Punters On Steppes Of Mongolia 

Eric Ellis Ulan Bator 

04/19/1996 

IT WOULDN'T take that big a cheque to corner the Mongolian Stock Exchange. With a capitalisation of around $150 million, the world's newest frontier market clearly has some more emerging to do. Indeed, Kerry Packer is worth more than the entire Mongolian economy.

But emerging it is and if enthusiasm is any guide, the Dr Livingstones of the investment world will be exploring Ulan Bator in no time.

They'd better have a strong stomach. The day the AFR called in, the smell of old mutton wafted through the trading floor, thanks to a sheep's head boiling away for lunch in the exchange's kitchen.

"We want to have modernisation in Mongolia but we also want to keep our traditions," says exchange chief executive Songiny Enkhbaatar.

A 38-year-old, Moscow-trained statistical economist, Mr Enkhbaatar is learning quickly on the job how his market functions. A well-thumbed copy of a basic American text How The Stock Market Works lies on his office desk.

Housed in a mock Belle Epoque building redolent of Tsarist Russia, the exchange's symbolic location on Suhbaatar Square in central Ulan Bator indicates reform is at the heart of post-communist thinking here.

With Austrian aid, the Government spent $US4 million renovating the pink children's theatre on the square into a grand home.

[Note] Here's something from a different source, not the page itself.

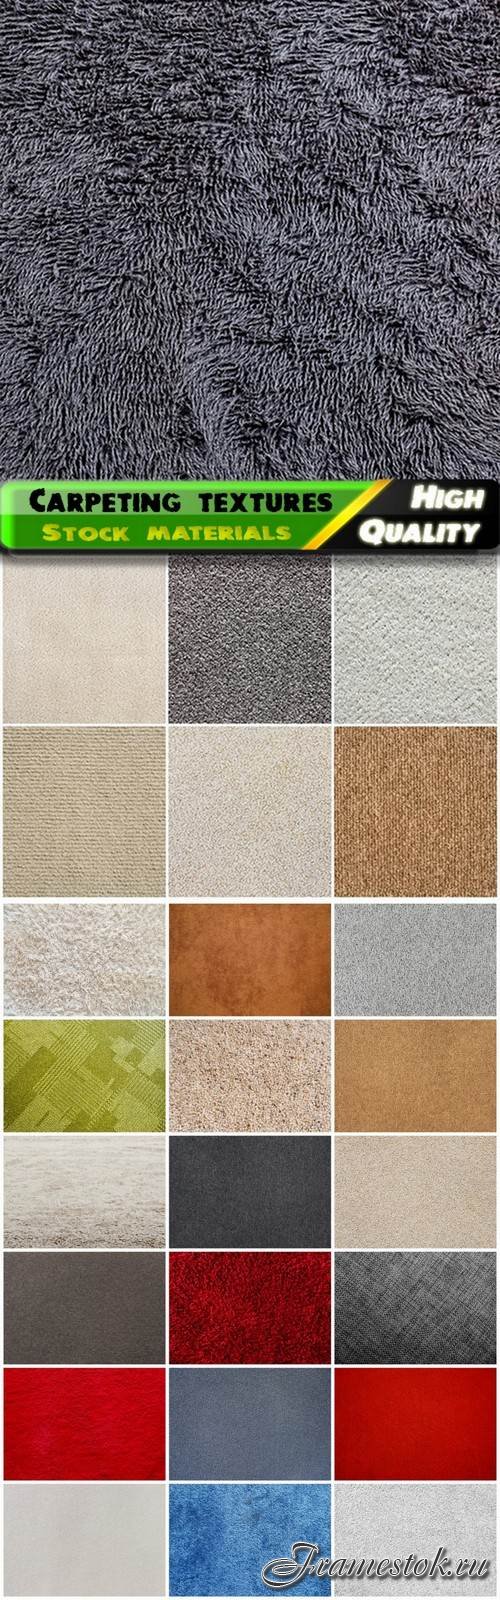 Floor carpet and carpeting textures - 25 HQ Jpg

The exchange had its beginnings in 1991, a key to the privatisation program that saw every Mongolian receive "vouchers" that could be traded for shares in former State-owned companies. But it took another four years for the exchange to formally open its doors and in September last year, some 28 stockbrokers took their seats to trade the 470 listed companies.

The exchange is fully computerised and its floor wouldn't be out of place in Sydney or Singapore, on which it has been modelled.

Trading since opening has been brisk by Mongolian standards and though the general index has been mostly even, some stocks have doubled.

Some 90,000 Mongolians have opened trading accounts since September and can watch proceedings by computer and modem link from offices across the Mongolian steppe.

The voucher system of privatisation put shares in every citizen's hands and even today, Mongolia effectively has 1.2 million shareholders through their exchangeable vouchers, one of the highest ownership ratios in the world.

Enkhbaatar says his exchange has not yet experienced such "exotic behaviour" as takeover bids or dawn raids. As for good prospects, Mongolia's temperatures of as low as minus 40 might get punters keen on stocks like the textile groups Gobi and the Mongolian Wool Company, while their taste for hard drink suggests the Arkhi Vodka Factory.

But this correspondent reckons it's difficult to go past the former State-owned Ulan Bator Hotel, a building surely designed by the same team that built Lenin's tomb in Moscow.

While the architecture or the hotel's near-inedible food won't get punters flocking to the "UB", the $US18 a minute international phone charges might.

You could dash across the Suhbaatar Square after putting the phone down to place a trade, insider dealing Mongolian-style.